The lineup for the 18th Time of the Writer Festival has been announced, including the who’s who of South African literature.

Presented by the Centre for Creative Arts (University of KwaZulu-Natal) and made possible by support from the Department of Arts and Culture, the City of Durban, the French Institute (IFAS) and the Goethe Institute, the 18th edition of the festival will take place in Durban between 16 and 21 March.

 
The lineup for the 2015 Time of the Writer:

NoViolet Bulawayo, Zimbabwe

Carol Campbell, South Africa

Imraan Coovadia, South Africa

ZP Dala, South Africa

Ousmane Diarra, Mali

Dilman Dila, Uganda

Jacob Dlamini, South Africa

Ekow Duker, South Africa

Craig Higginson, South Africa

Mandla Langa, South Africa

Thando Mgqolozana, South Africa

Kirsten Miller, South Africa

MJ Mngadi, South Africa

Nthikeng Mohlele, South Africa

Given Mukwevho, South Africa

Futhi Ntshingila, South Africa

Sue Nyathi, Zimbabwe

Charlotte Otter, South Africa

Margaret Von Klemperer, South Africa

Mzilikazi wa Afrika, South Africa

The theme for this year’s festival, Writing For Our Lives, calls attention to the urgent continuing struggle of all writers in speaking truth and bearing witness to the times through their words. Globally writers are combatting censorship when the truth is too hard to swallow, challenging the reader’s perspective and sparking a passion for literature in our youth.

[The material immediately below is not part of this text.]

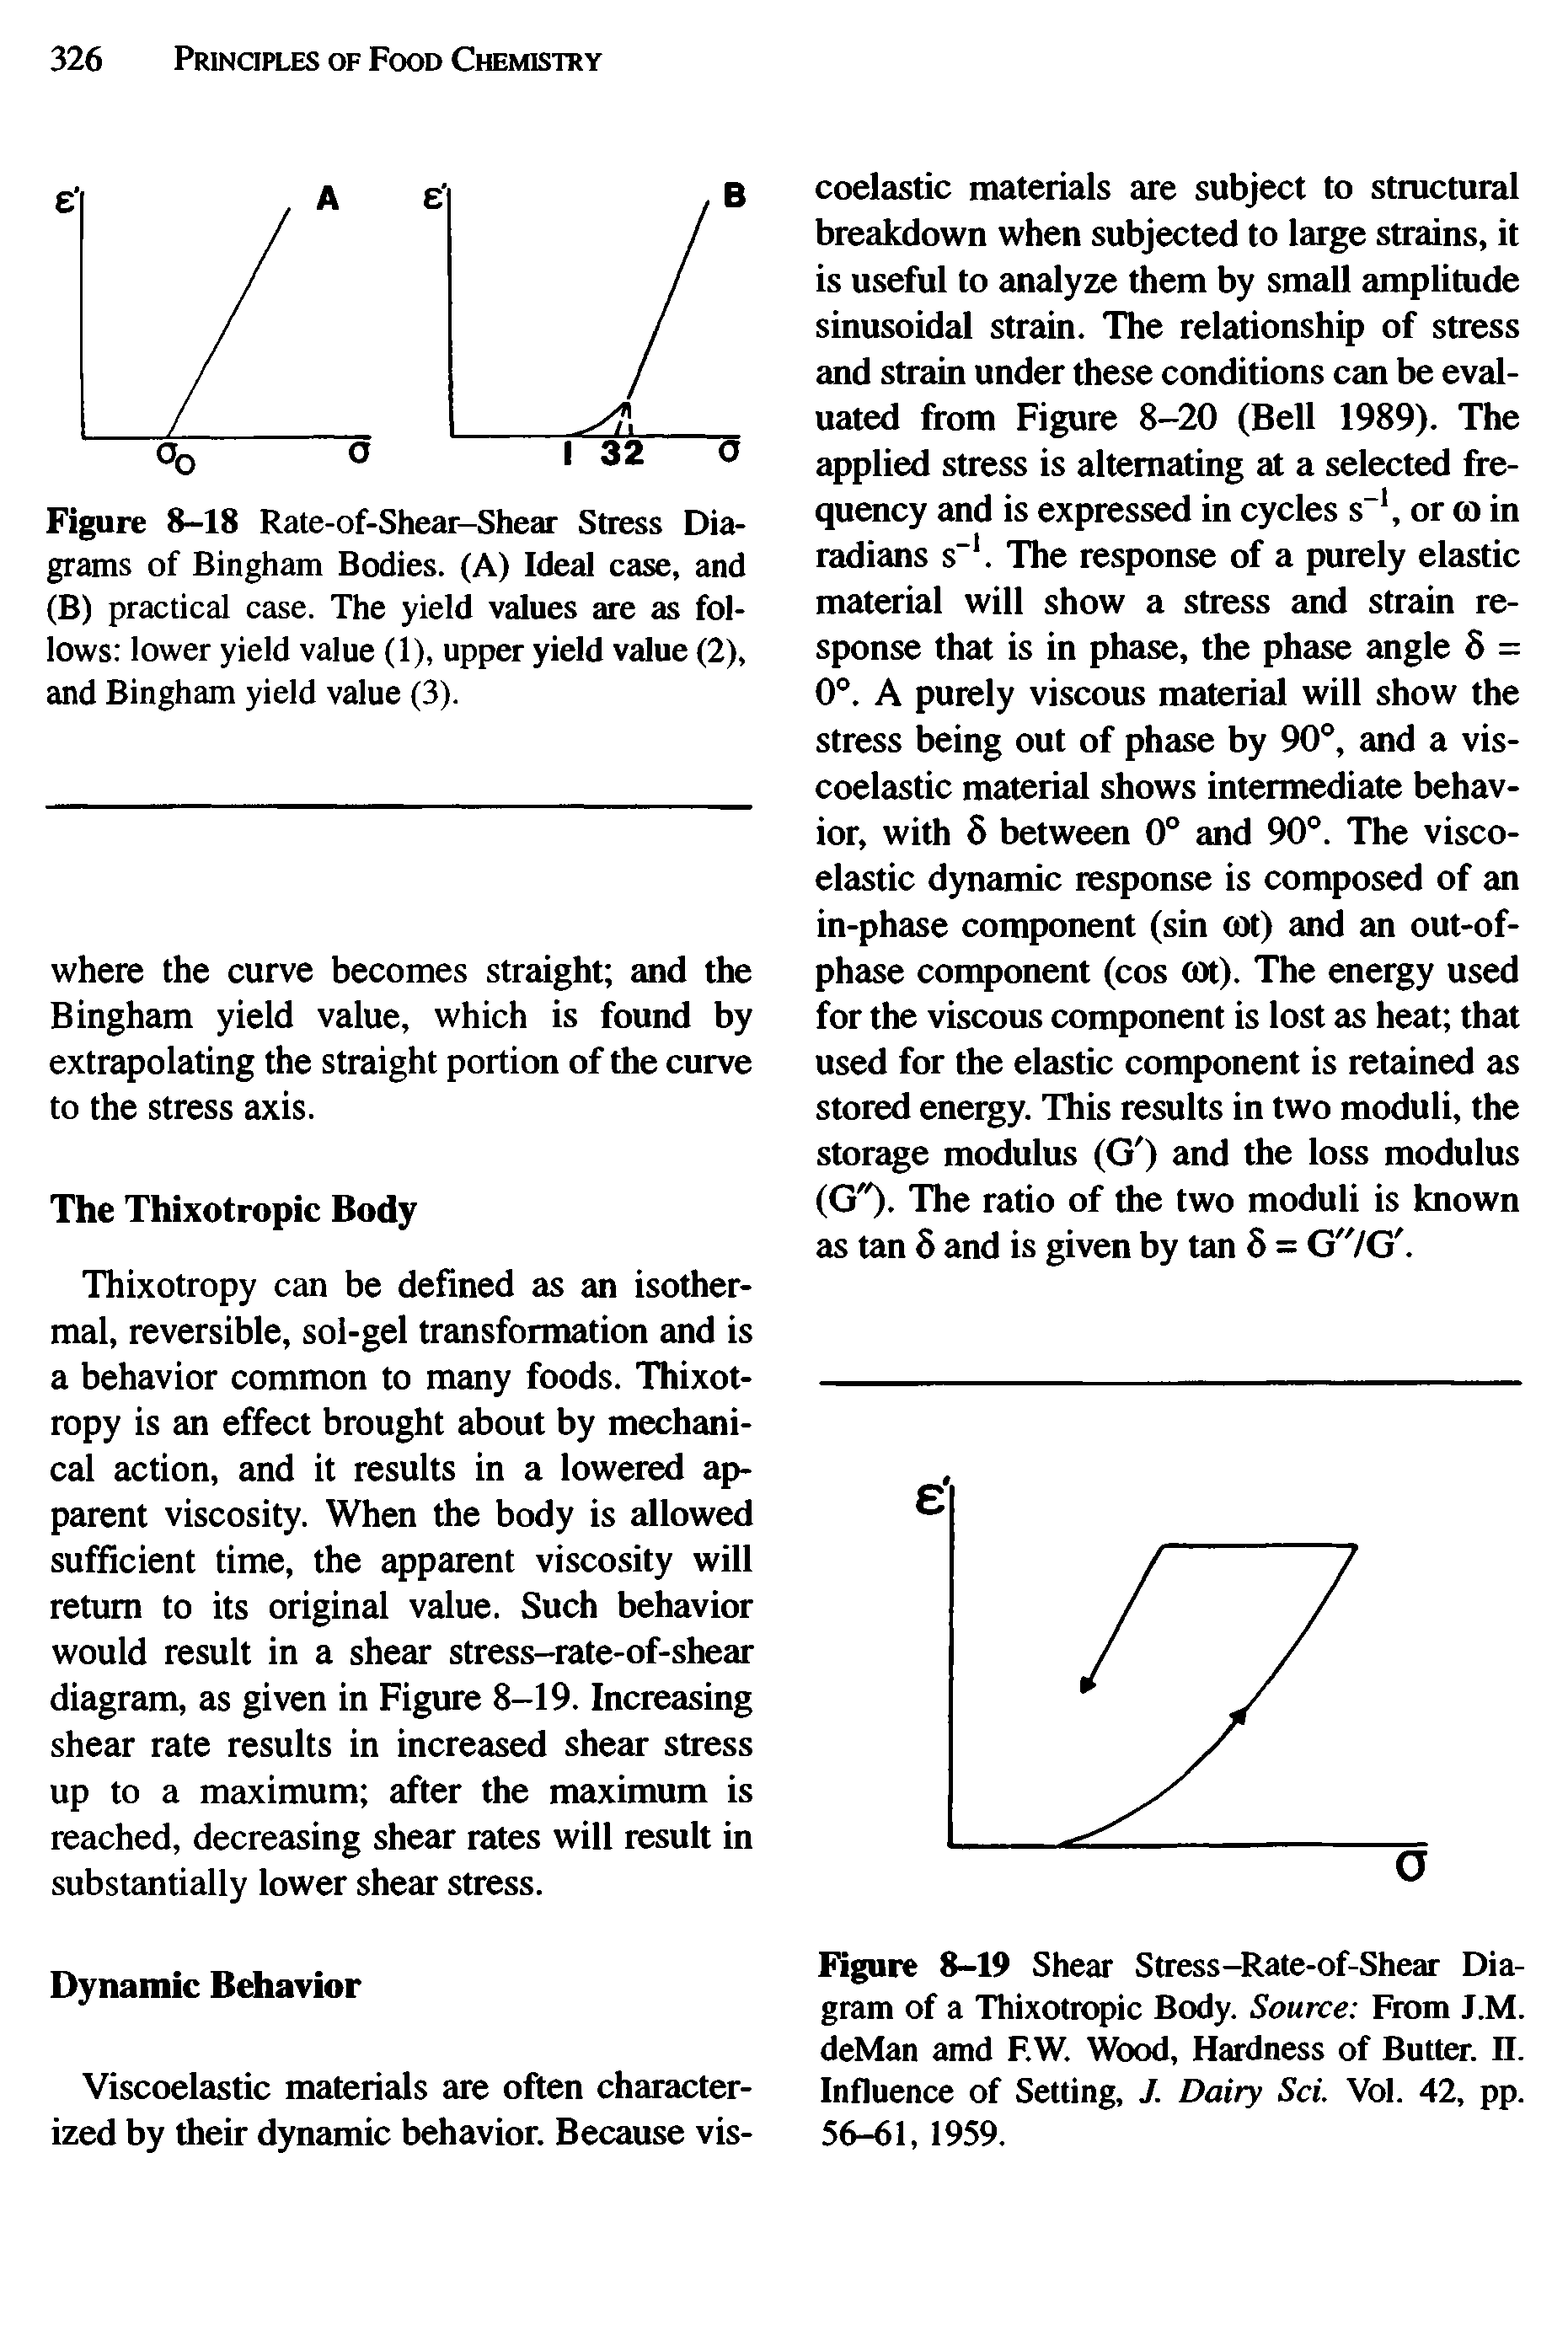 Figure 8-19 Shear Stress-Rate-of-Shear Diagram of a Thixotropic Body. Source From J.M. deMan amd F.W. Wood, Hardness of Butter. II. Influence of Setting, J. Dairy Sci. Vol. 42, pp. 56-61, 1959.

During this activity-rich week, audiences can expect to engage with a multitude of award-winning writers, from a wide range of political and social contexts, on the creative and technical processes and perspectives which shape their writing.

Evening readings and discussions will take place at the Elizabeth Sneddon Theatre (Howard College Campus) while wide reaching free day programmes are spread across Durban and the surrounding areas as part of the festival’s ongoing efforts to promote and nurture a culture of creative expression through reading and writing. This includes school visits, a publishing forum and a range of seminars and workshops.

Ticket information

Ticket cost R25 for the evening sessions and R10 for students on presentation of a student card. Workshops, seminars and book launches are free of charge. Book through Computicket Tel: 0861 915 8000 or 011 340 8000 or online at online.computicket.com or at the Elizabeth Sneddon Theatre from 6 PM.

For more information contact the Centre for Creative Arts, University of KwaZulu-Natal by phone on +27 31 260 2506/1816 or email info@cca-ukzn.co.za.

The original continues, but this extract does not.